SALLE DE LECTURE


Un exemple de roman-feuilleton
(dans Georges Courteline
La Paix chez soi, 1903)

SCENE PREMIERE

TRIELLE, seul debout devant son pupitre et comptant du  bout de sa plume le nombre des lignes qu’il vient de pondre.

            274, 276, 278, 280 et 285. — Encore trente lignes sensationnelles, dont une vingtaine d'alinéas,  une décoction de points suspensifs et une coupure à effet pour finir ; si, avec cela le lecteur ne se déclare pas satisfait, il pourra s'aller coucher. Quel métier ! (Il trempe sa plume dans l’encre, se dispose à écrire, soupire, s’étire, baîlle longuement) Ça t’ennuie, hein ?... Allons, vieux, du courage. Prends ton huile de foie de morue !

(Il se décide et se met à la besogne, se dictant à lui-même à haute voix :)

« Cependant, bien que l'antique horloge de Saint-Séverin eût depuis longtemps, dans le silence de la nuit, sonné les trois coups de trois heures... »

            (S'interrompant.) 

Les trois coups de trois heures !... Quel métier !

                (Il ricane, hausse les épaules, puis poursuit :)

            « ... le vieillard continuait sa lente allée et venue. Un manteau de couleur foncée l'enveloppait des pieds à la tête, et des larmes échappées de ses yeux roulaient sur sa barbe de neige. »

            (S'interrompant.)

C'est vertigineux d'ânerie...

            (Il poursuit :)

            « O honte ! murmurait-il, ô cruel attentat dont mon honneur, après vingt ans, garde encore la brûlure ardente ! »

            (S'interrompant.)

... et troublant d'imbécillité.

            (Il poursuit :)

            « Quoi, je  porterai  éternellement le fardeau  de mon humiliation ! Quoi, jusqu'aux portes du tombeau, je sentirai le sang de ma blessure couler lentement, goutte à goutte ! »

(S'interrompant.)

            Ce petit ouvrage est tellement bêle que rien ne l'égale en bêtise sauf le lecteur qui s'en délecte.

            (Il poursuit :)

«  La neige  s'était mise  à tomber... »

(Coups violents frappés à la porte.)

SCENE TROISIEME

 TRIELLE, seul.

Comme de rien ne s’était passé, il est revenu à  son pupitre. Là,

TRIELLE se dictant à lui-même.

            « Mais le vieillard, tout à sa pensée, semblait ne pas s'en être aperçu. Soudain, élevant vers le ciel un regard de hautain défi : Eh bien, cria-t-il, soit maudit.  Dieu  d'inclémence.  Dieu  d'injustice ! Toi  qui n'as  pas  écouté mes  prières,  demeure à jamais abhorré ! Je jette ton nom en pâture à l'exécration des générations à venir. »  Et allez donc,  turlurette ! (S'épongeant le front :) Quel métier !

            (Il poursuit :)

            « Comme il poursuivait ces épouvantables blasphèmes

(S'interrompant.)

            Et le terrassier se plaint de son sort !

            (Il poursuit :)

            … un bruit de pas troubla le silence de la rue

(S'interrompant.)

            Et le mineur élève des revendications !

            (Il poursuit :)

            De blême qu’il était, le vieillard devint livide.

(S'interrompant.)

            Et le cocher se met en grève !
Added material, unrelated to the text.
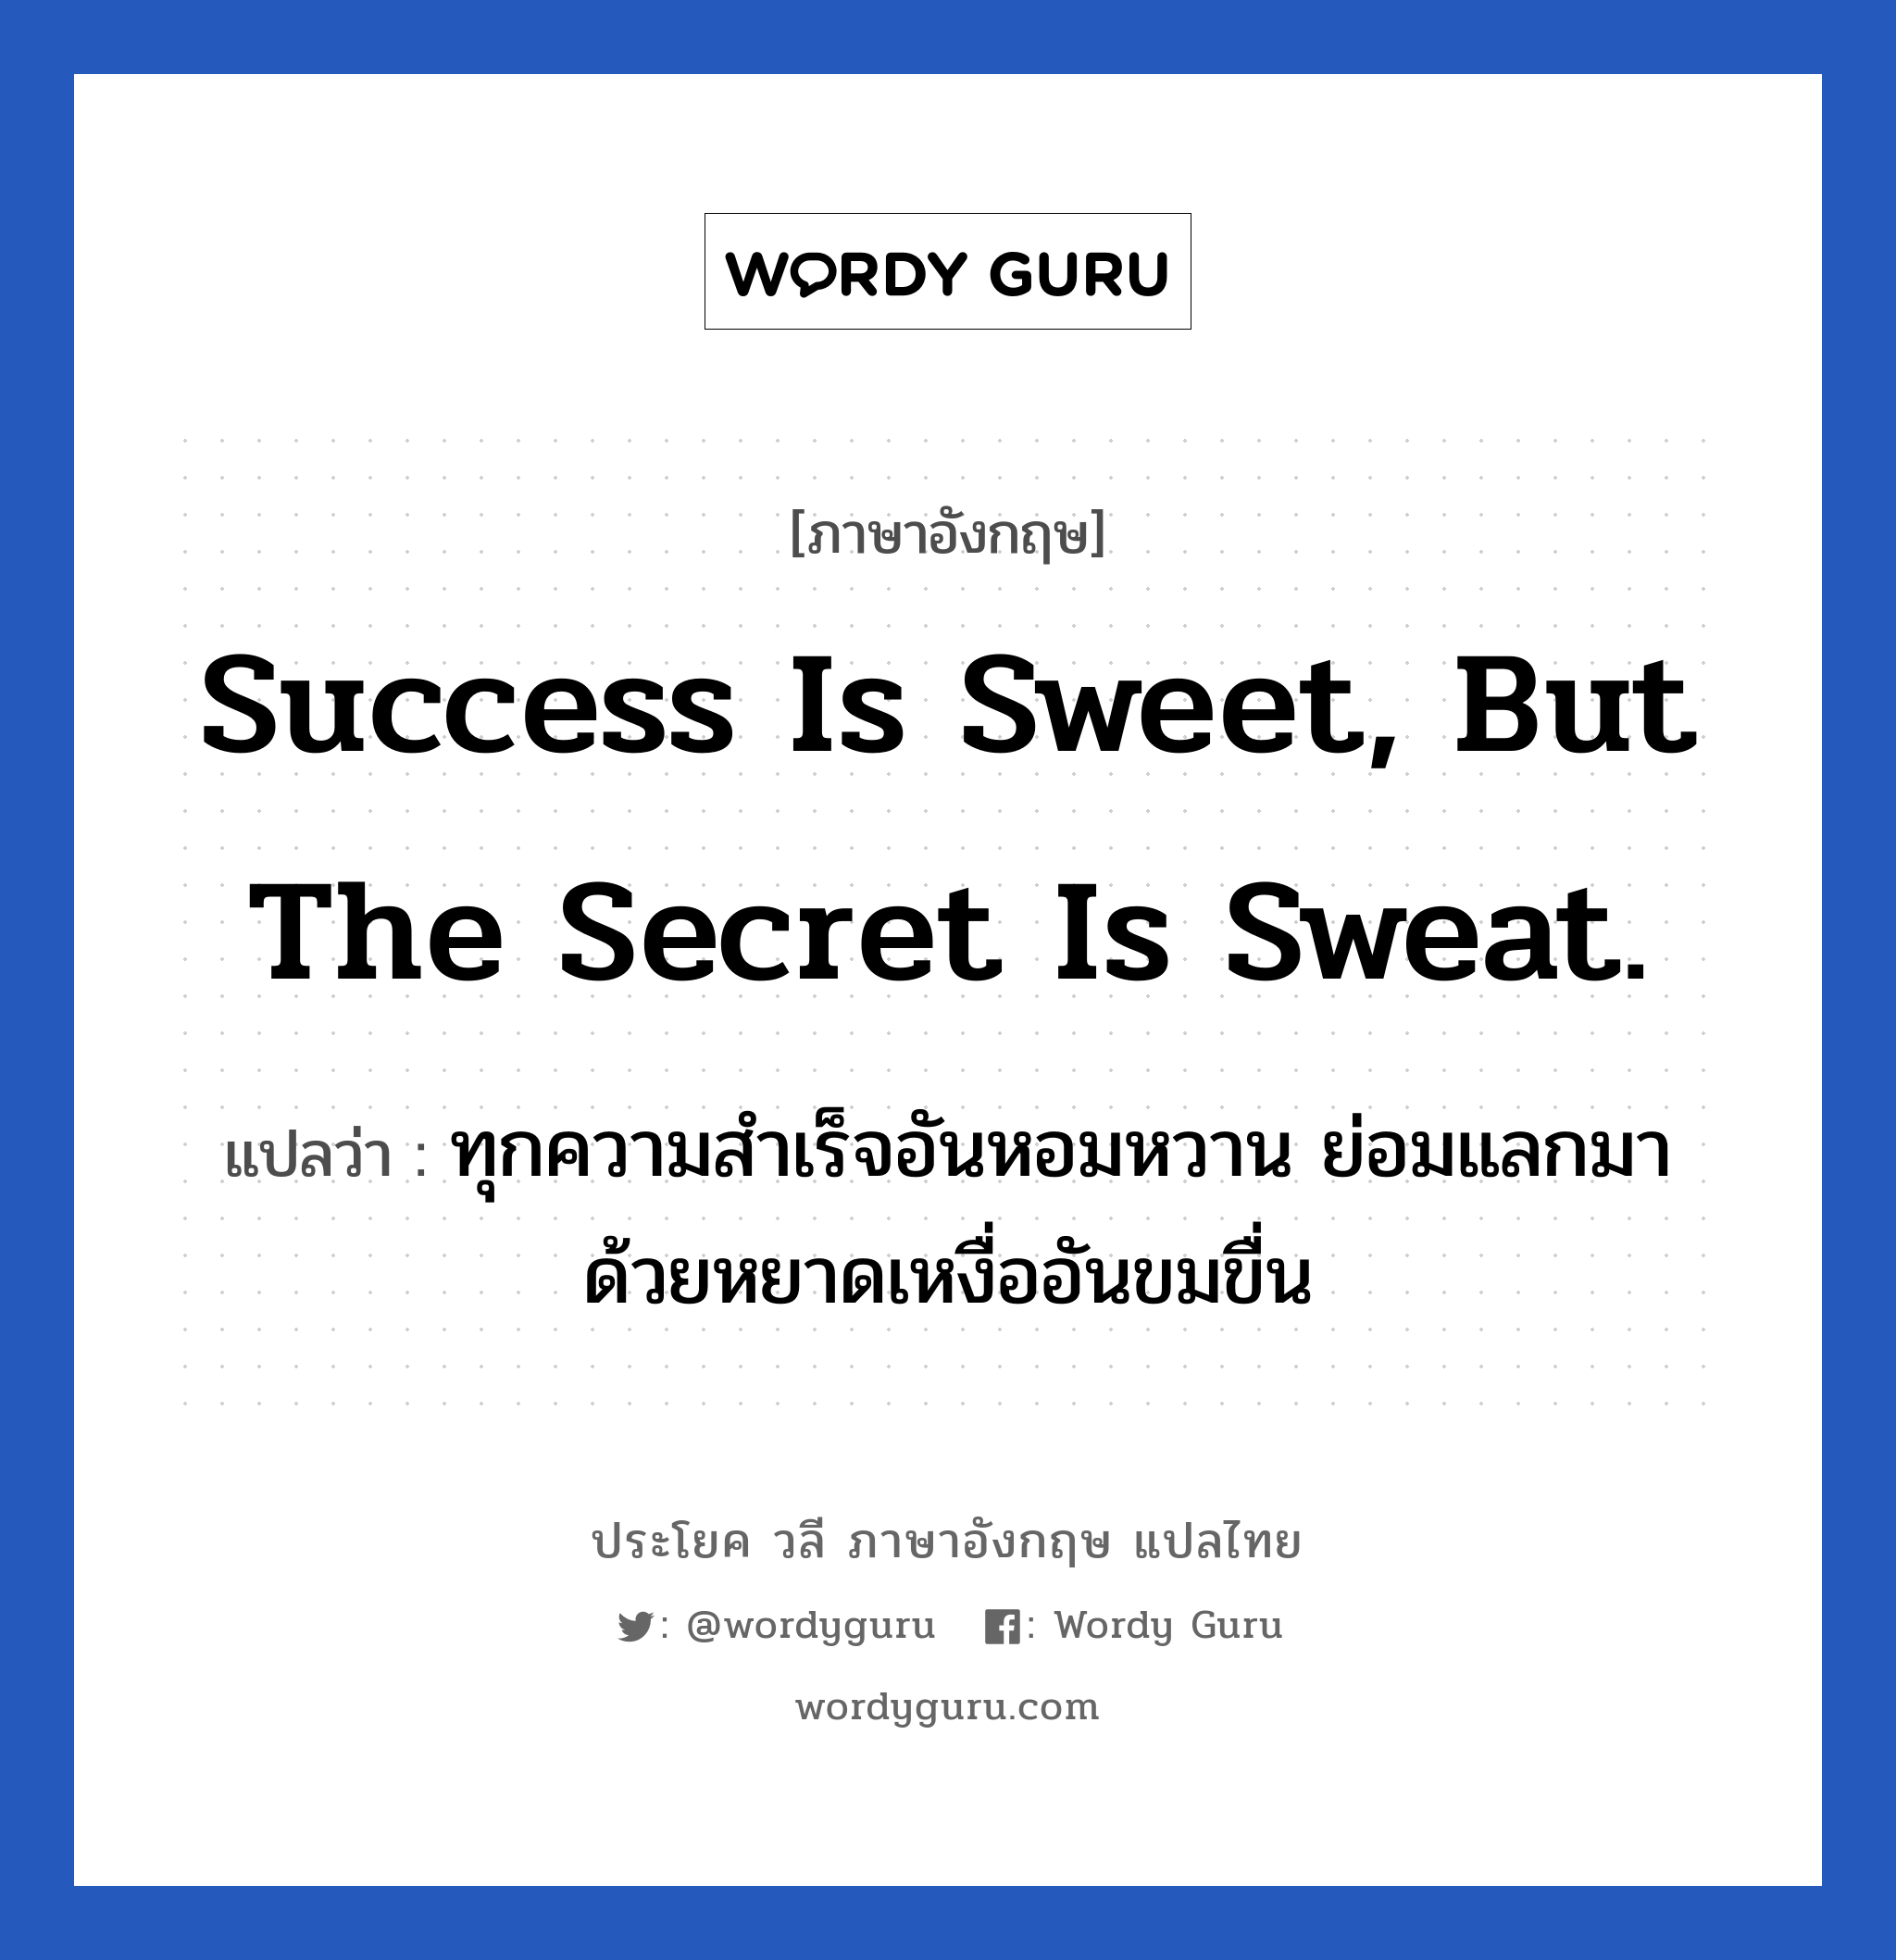 ทุกความสำเร็จอันหอมหวาน ย่อมแลกมาด้วยหยาดเหงื่ออันขมขื่น ภาษาอังกฤษ?, วลีภาษาอังกฤษ ทุกความสำเร็จอันหอมหวาน ย่อมแลกมาด้วยหยาดเหงื่ออันขมขื่น แปลว่า Success is sweet, but the secret is sweat. หมวด ในที่ทำงาน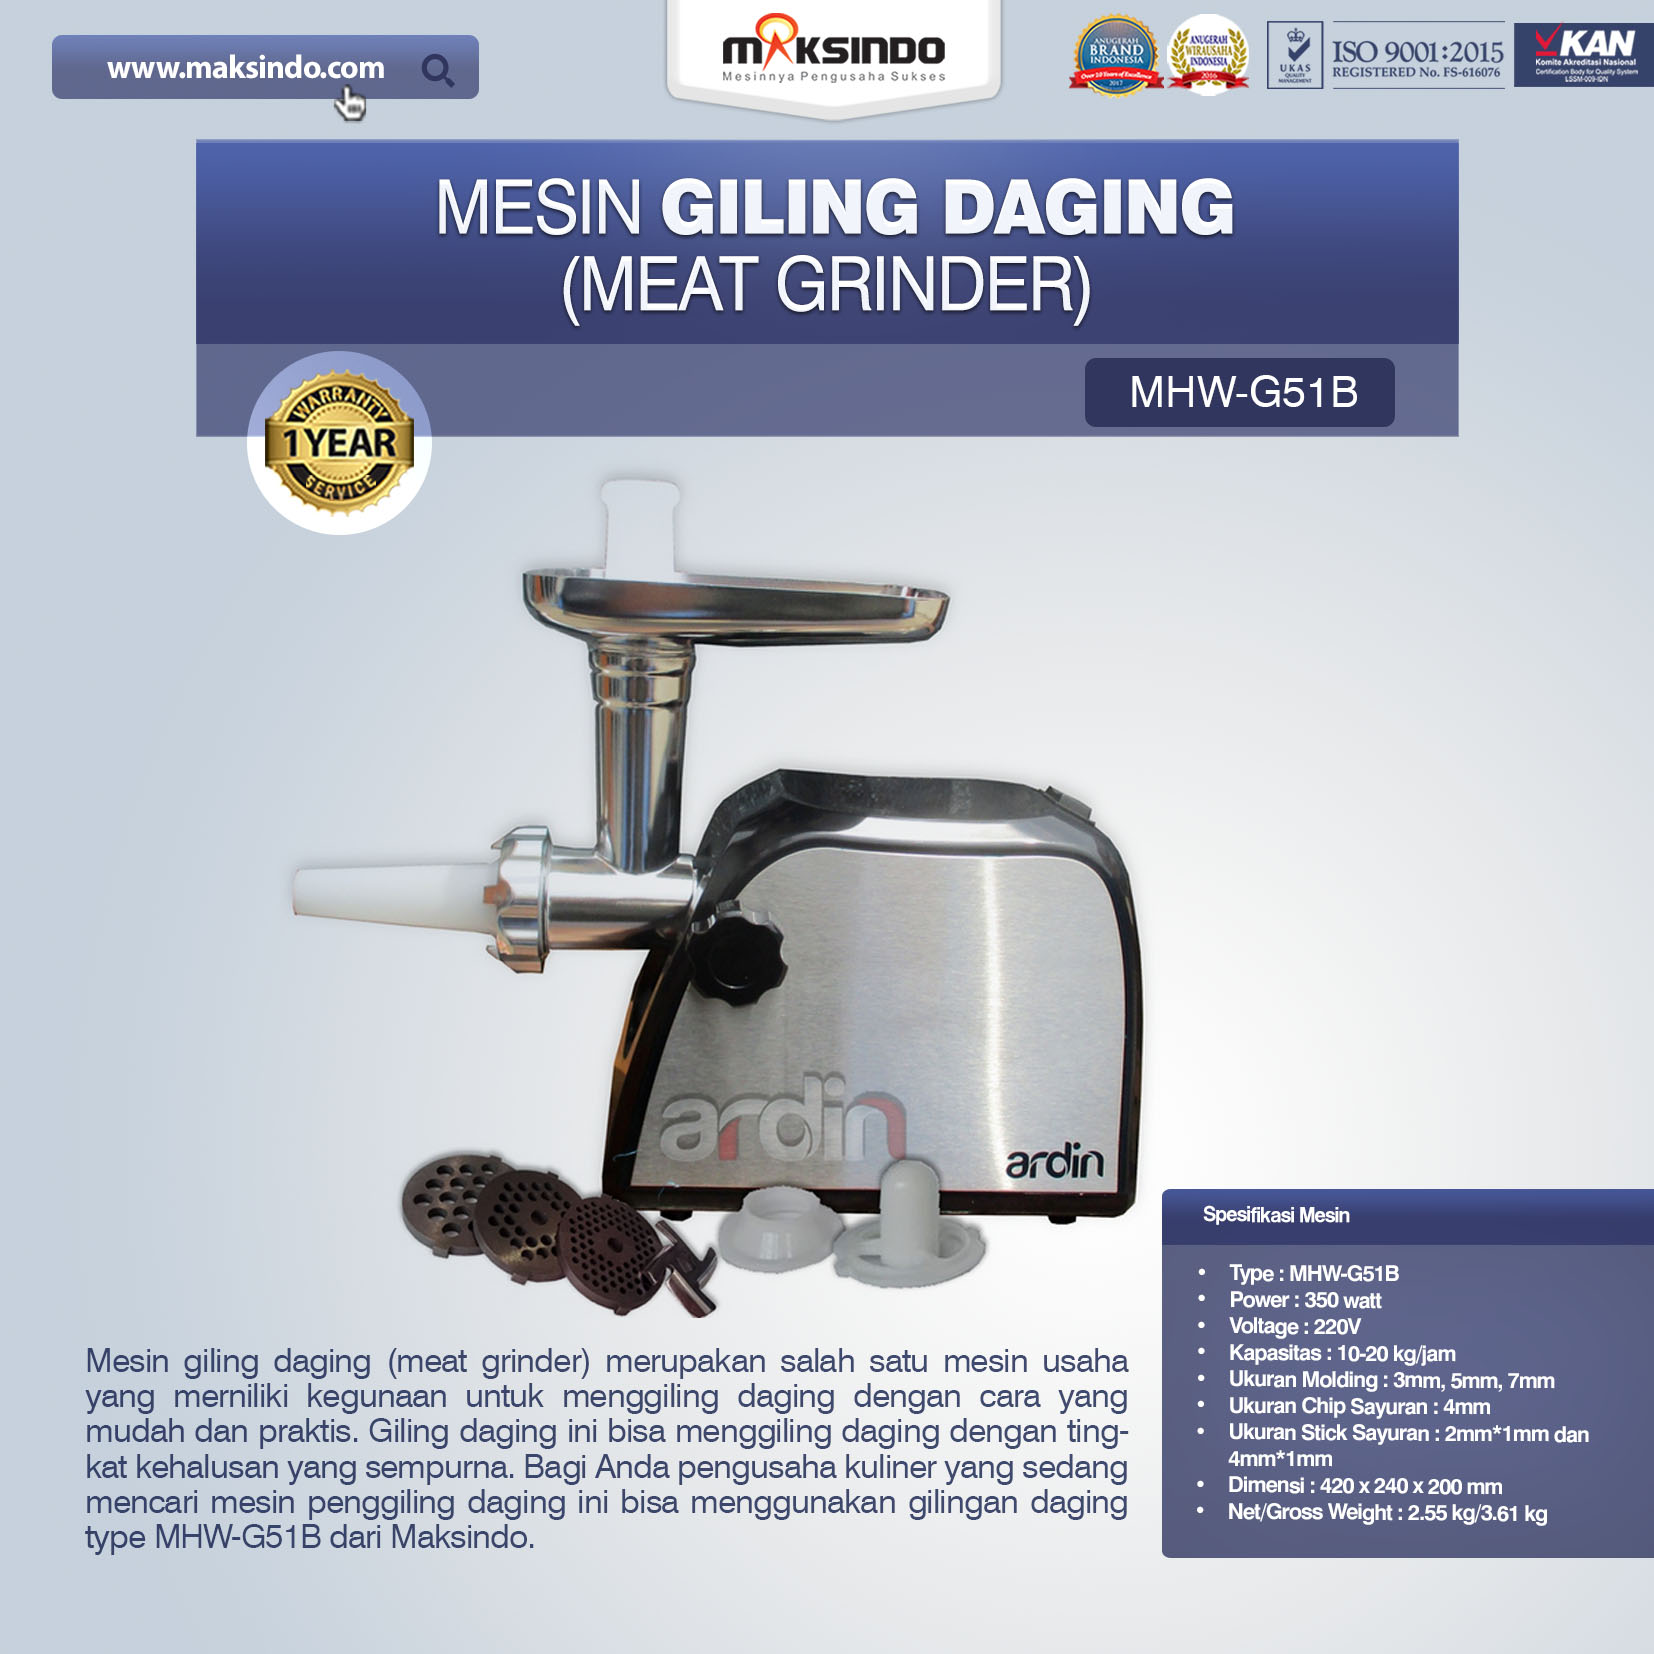 Jual Mesin Giling Daging (Meat Grinder) MHW-G51B di Blitar

            (Il poursuit :)

        Si c’était lui, murmura-t-il. Oh ! connaître enfin cet ennemi ! le tenir haletant sous mon genou ! arracher dans son épouvante un adieu à son dernier râle ! A ce moment, un étranger déboucha de la rue de la Harpe. Le vieillard bondit comme un tigre, mois aussitôt une étrange défaillance s'empara de tout son être. Ses jambes fléchirent sous le poids de son corps, et poussant un cri terrible, il s'évanouit ! » J'ai  dit : trente  lignes  sensationnelles. Sensationnelles ; je suis tranquille. Reste à savoir si elles sont trente. Comptons.